--- Given data ---

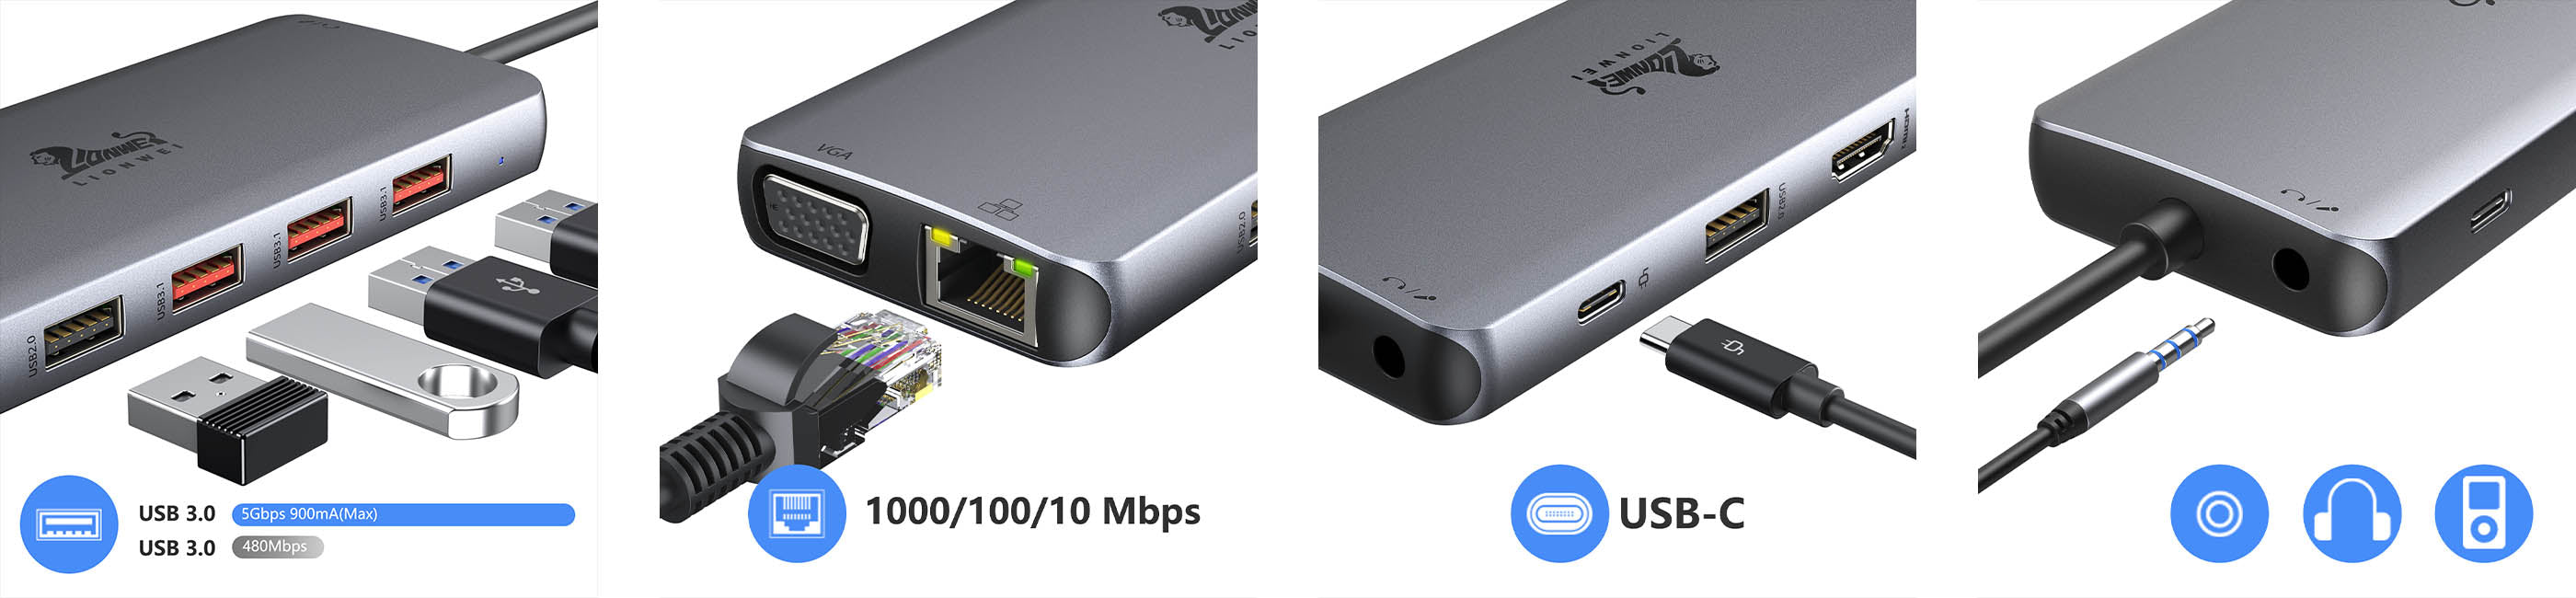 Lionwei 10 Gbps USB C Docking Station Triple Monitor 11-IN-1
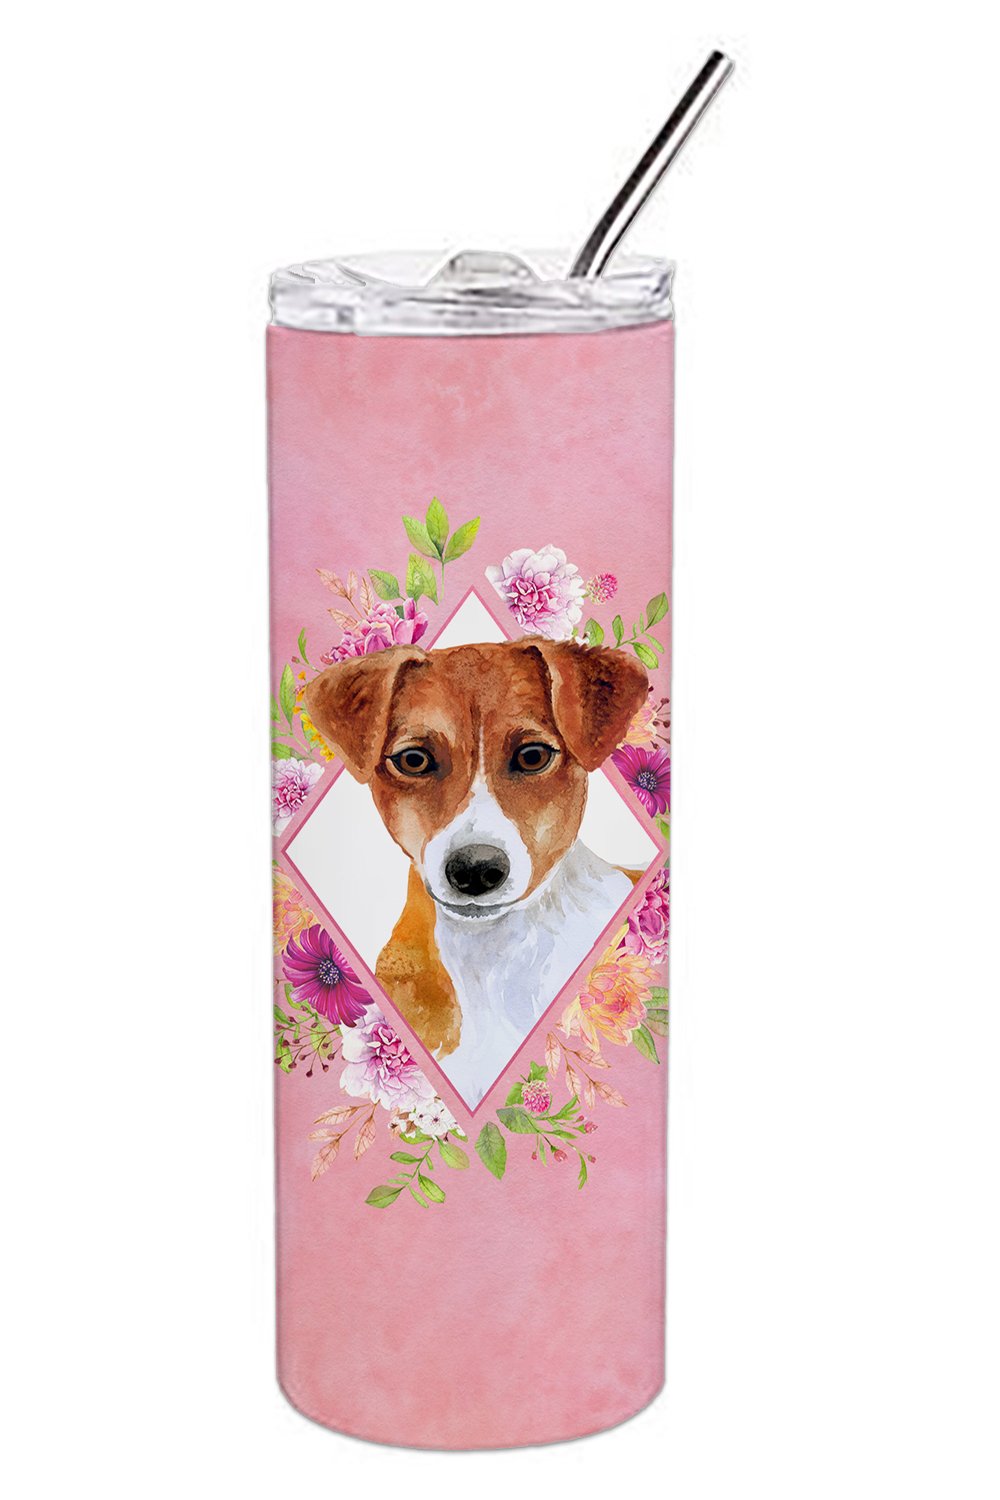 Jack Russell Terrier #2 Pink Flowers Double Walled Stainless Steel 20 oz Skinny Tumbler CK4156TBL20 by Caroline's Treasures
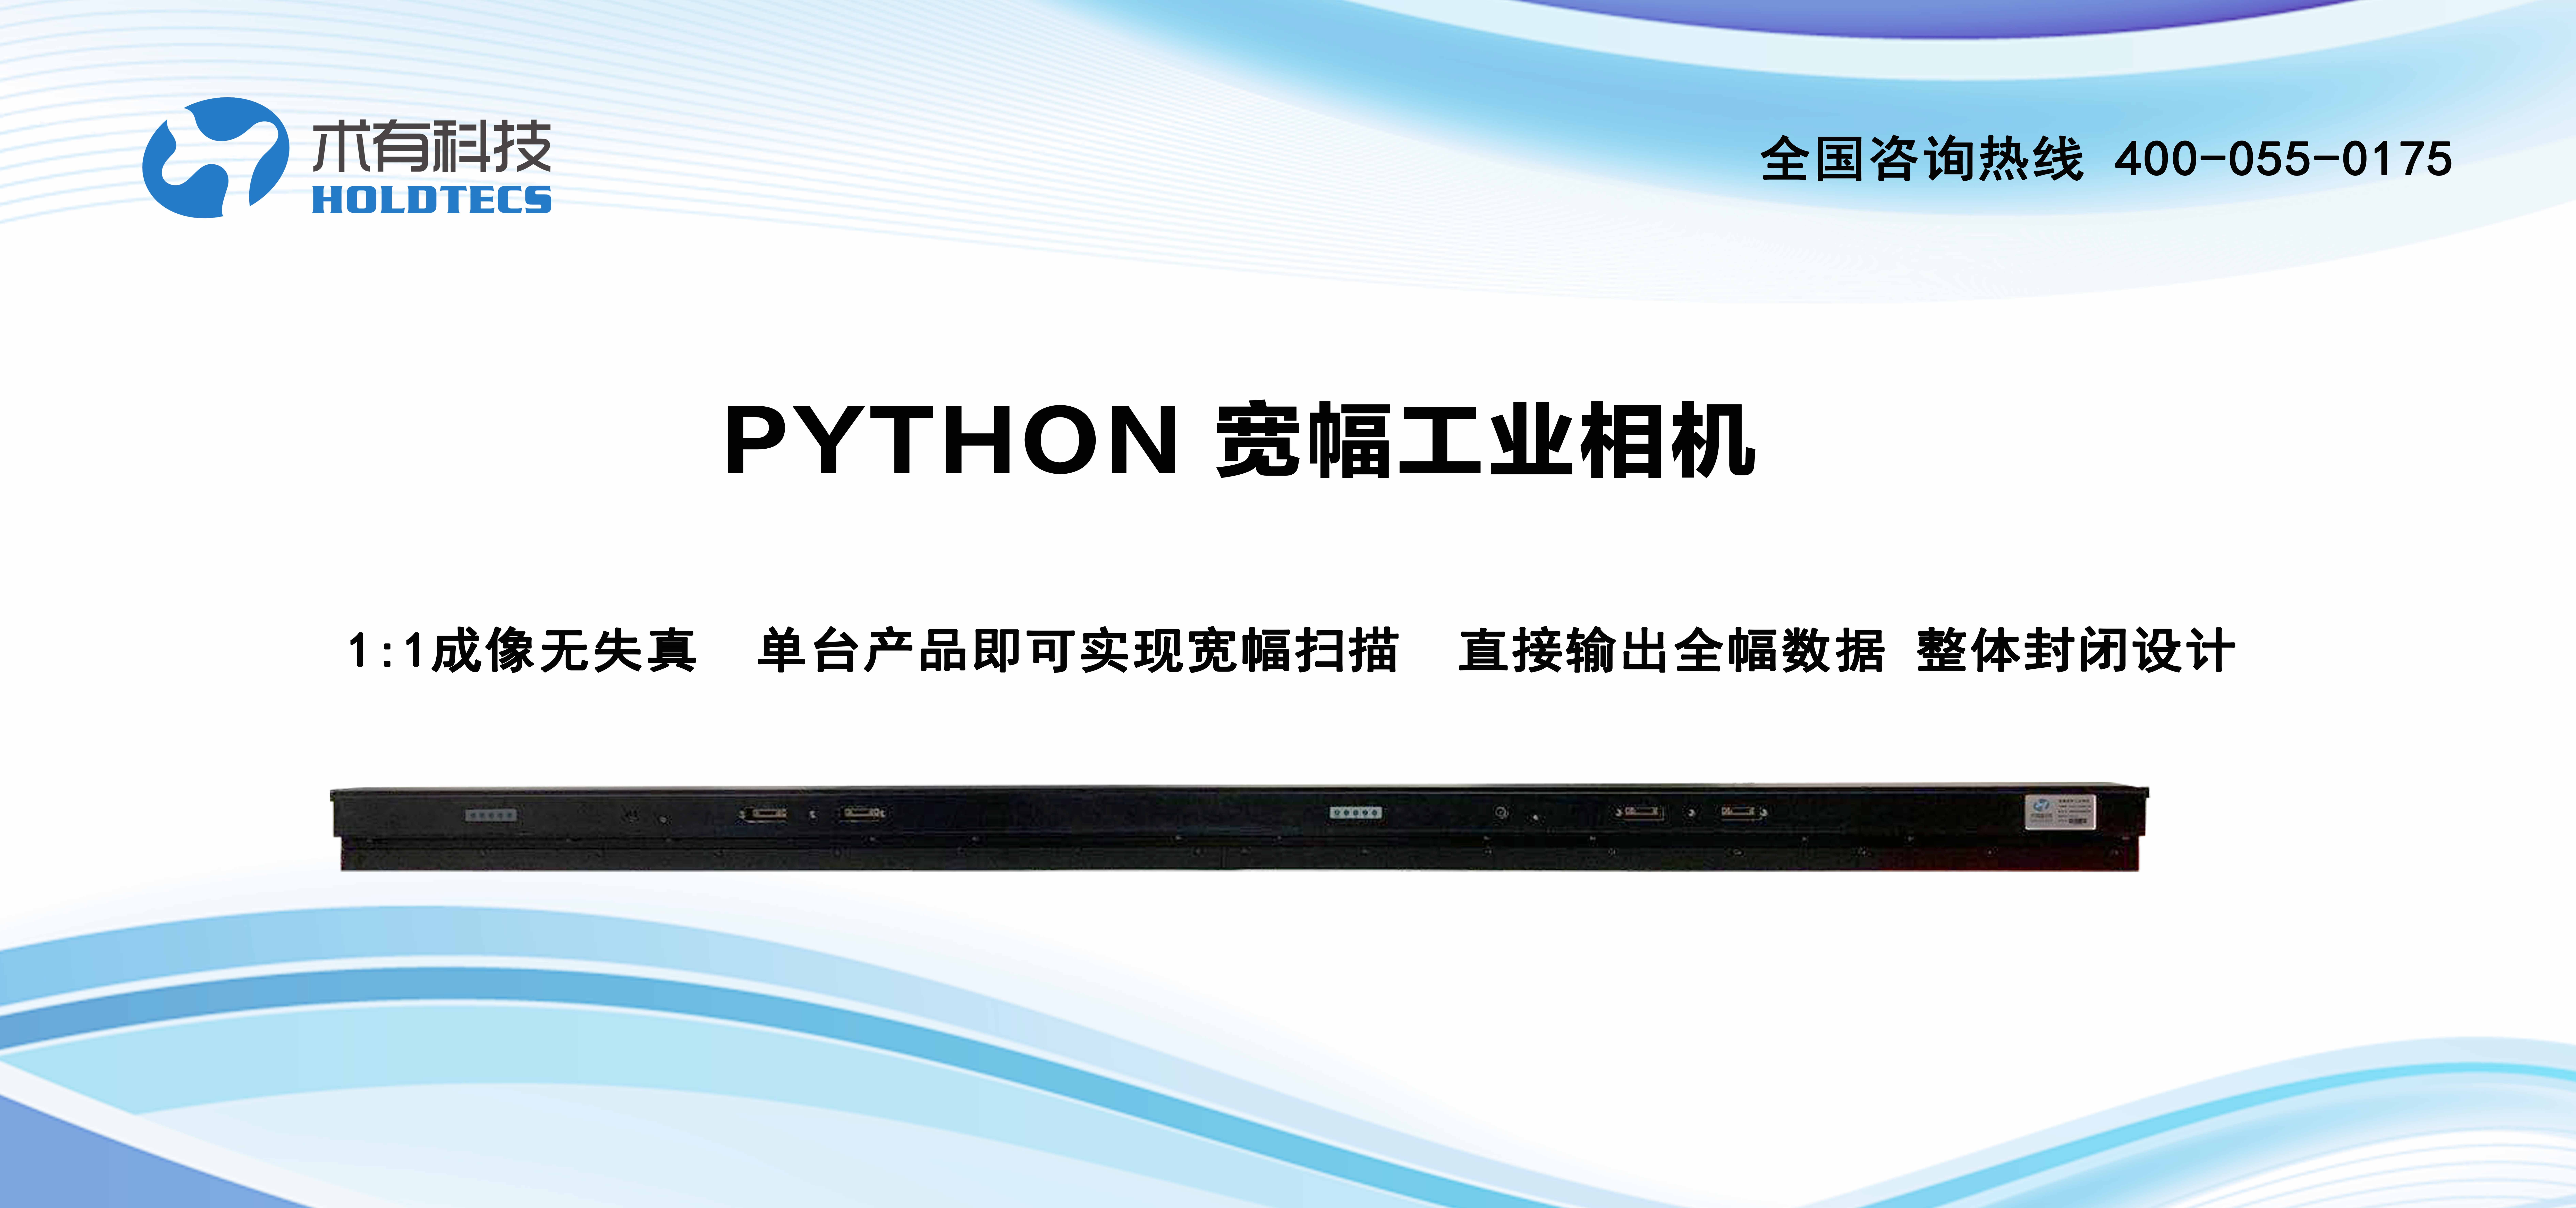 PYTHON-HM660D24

---

#### [Task brief]
Write out the listing word for word, omitting the pictures it holds.

#### [Response area]
 Lionwei 10 Gbps USB C Docking Station Triple Monitor 11-IN-1
 Jack Russell Terrier #2 Pink Flowers Double Walled Stainless Steel 20 oz Skinny Tumbler CK4156TBL20 by Caroline's Treasures
 PYTHON-HM660D24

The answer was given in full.